Martin J Powell © Martin J Powell, Page 131

COLOUR SECTION

Plate 1: Top: The Kobal Collection/Warner Bros, Left: Bridgeman Art Library/Washington University, St. Louis, USA/Lauros/Giraudon © ADAGP, Paris and DACS, London, Right: Bridgeman Art Library / Prado, Madrid, Spain.

Plate 2: Top: AKG Images, Bottom: Corbis/ Sygma.

Plate 3: Top: Bridgeman Art Library/Peter Willi/Goethe Museum, Frankfurt, Bottom: AKG Images.

Plate 4: Top: The National Gallery of Ireland, Bottom: Corbis/Philadelphia Museum of Art © Succession Marcel Duchamp/ADAGP, Paris and DACS, London 2007. Plate 5: Private Collection. Plate 6: Top: Art Archive/Musée du Louvre Paris/Gianni Dagli Orti, Left: Bridgeman Art Library/Musee d’Unterlinden, Colmar, France/Giraudon, Right: Bridgeman Art Library/Prado, Madrid, Spain. Plate 7: Private Collection. Plate 8: Private Collection. Plate 9: Top Left: The British Museum, London, Top Right: Private Collection, Bottom: The Kobal Collection/NERO. Plate 10: Top: Bridgeman Art Library/Musee d’Unterlinden, Colmar, France/Giraudon, Bottom: Private Collection. Plate 11: Top: Bridgeman Art Library/Giraudon/Lauros/Ste. Marie Madeleine, Aix-en-Provence, France, Bottom: Private Collection. Plate 12: Top: Bridgeman Art Library/Giraudon/Louvre, Paris, France, Bottom: Bridgeman Art Library/Graphische Sammlung Albertina, Vienna, Austria. Plate 13: Top: Bridgeman Art Library/Giraudon/Prado, Madrid, Spain. Bottom: Bridgeman Art Library/Alinari/Santa Maria della Vittoria, Rome, Italy. Plate 14: Top: Art Archive/Museum der Stadt Wien/Alfredo Dagli Orti, Bottom: Private Collection. Plate 15: Top: Bridgeman Art Library/ Yale Center for British Art, Paul Mellon Collection, USA, Bottom: Bridgeman Art Library/Duomo, Orvieto, Umbria, Italy. Plate 16: Top: Corbis/Christine Kolisch, Bottom: Corbis/Francis G.Mayer

Every effort has been made to contact copyright holders. However, the publishers will be glad to rectify in future editions any inadvertent omissions brought to their attention.
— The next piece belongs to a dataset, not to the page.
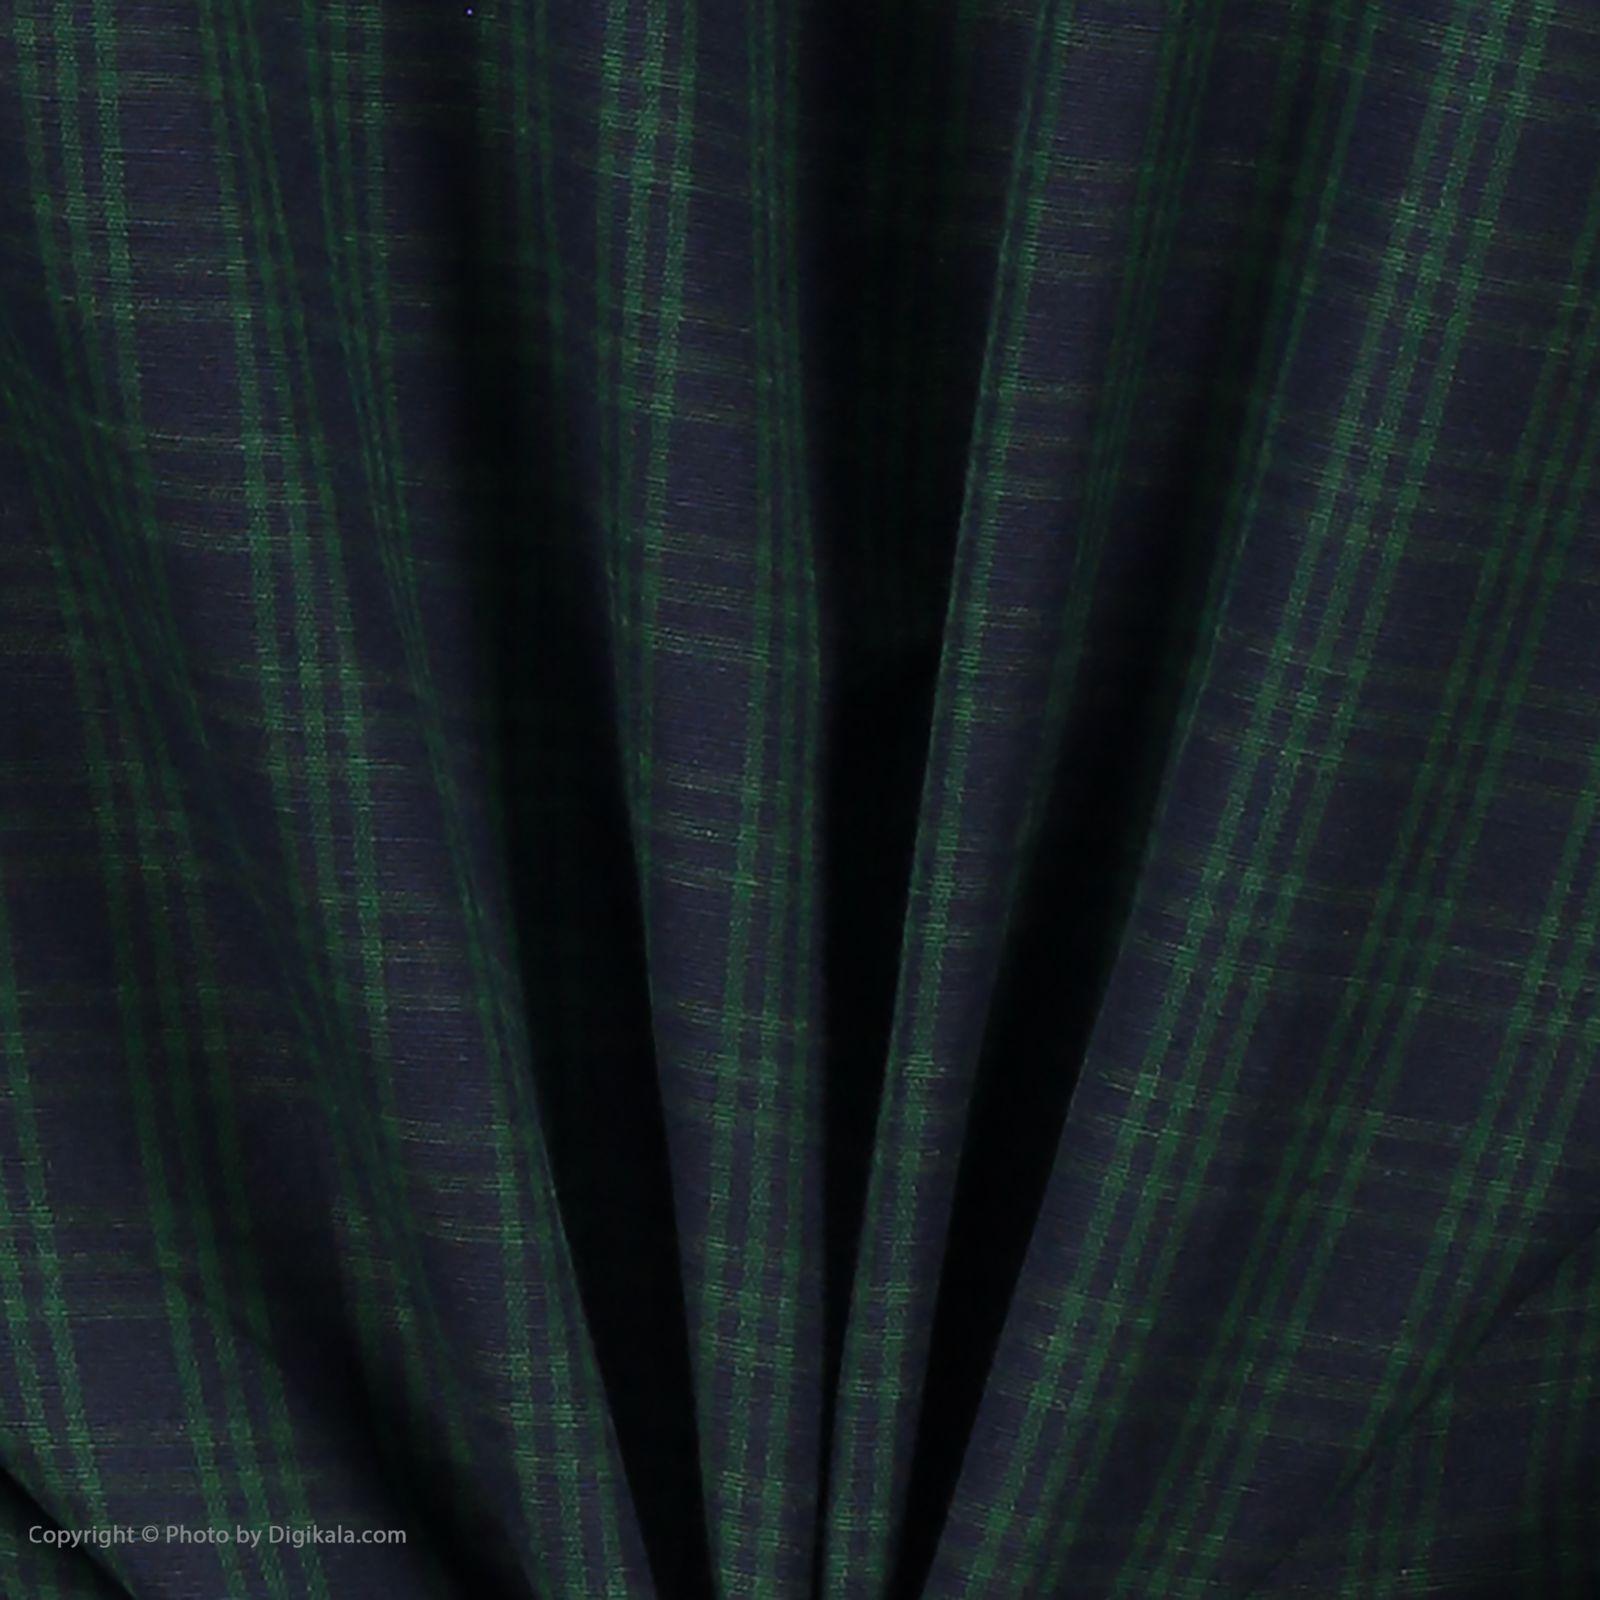 پیراهن مردانه زی مدل 15312304359 -  - 6

A Note on Sources and Selective Bibliography

The moment it all came together was when in Hall’s second hand bookshop in Tunbridge Wells, I found a copy of Jacob Boehme’s Mysterium Magnum translated in two volumes by John Sparrow. Written in 1623, before the great influx of esoterica from the East that would result from European empire-building, this book showed me was that there really was a genuine Western esoteric tradition connecting the Mystery schools of Egypt, Greece and Rome with the assertions of modern visionaries like Rudolf Steiner.
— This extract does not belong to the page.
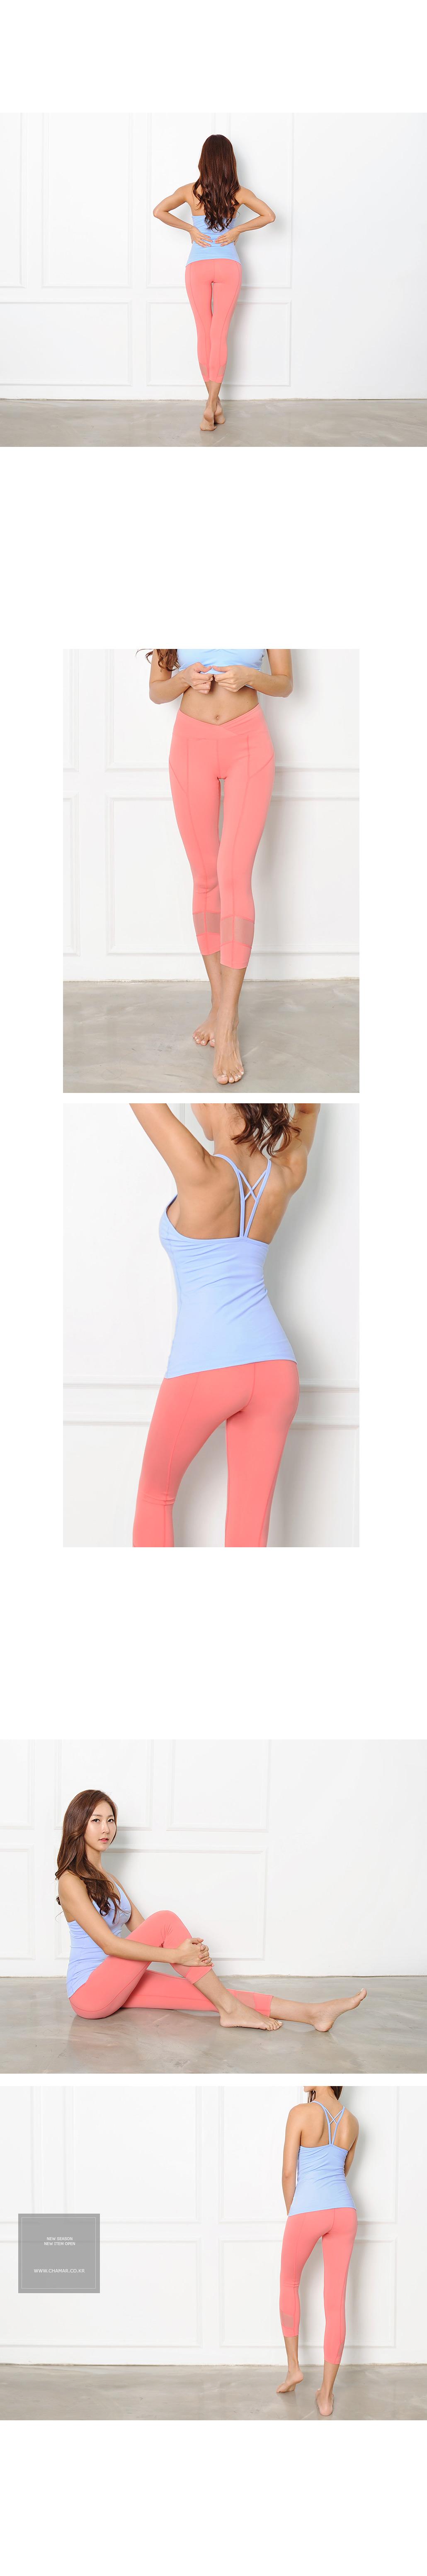 170707-womanpants-14-03.jpg

Around the same time I also chanced upon Boehme’s The Signature of All Things, Paracelsus’s The Archidoxes of Magic, and Paracelsus: Life and Prophecies, a collection of his writings edited and with a short biography by Franz Hartmann, and The Works of Thomas Vaughan, the English Rosicrucian, edited by A.E. Waite — in a beautiful glowing gold cover. Rich pickings indeed, these books provided further confirmation of this tradition. A modern book, Joscelyn Godwin’s Robert Fludd: Hermetic philosopher and surveyor of two worlds actually contained a picture of the earth separating from the Sun. I knew there was an esoteric tradition of this as a historical event, but previously I had only read about in Steiner.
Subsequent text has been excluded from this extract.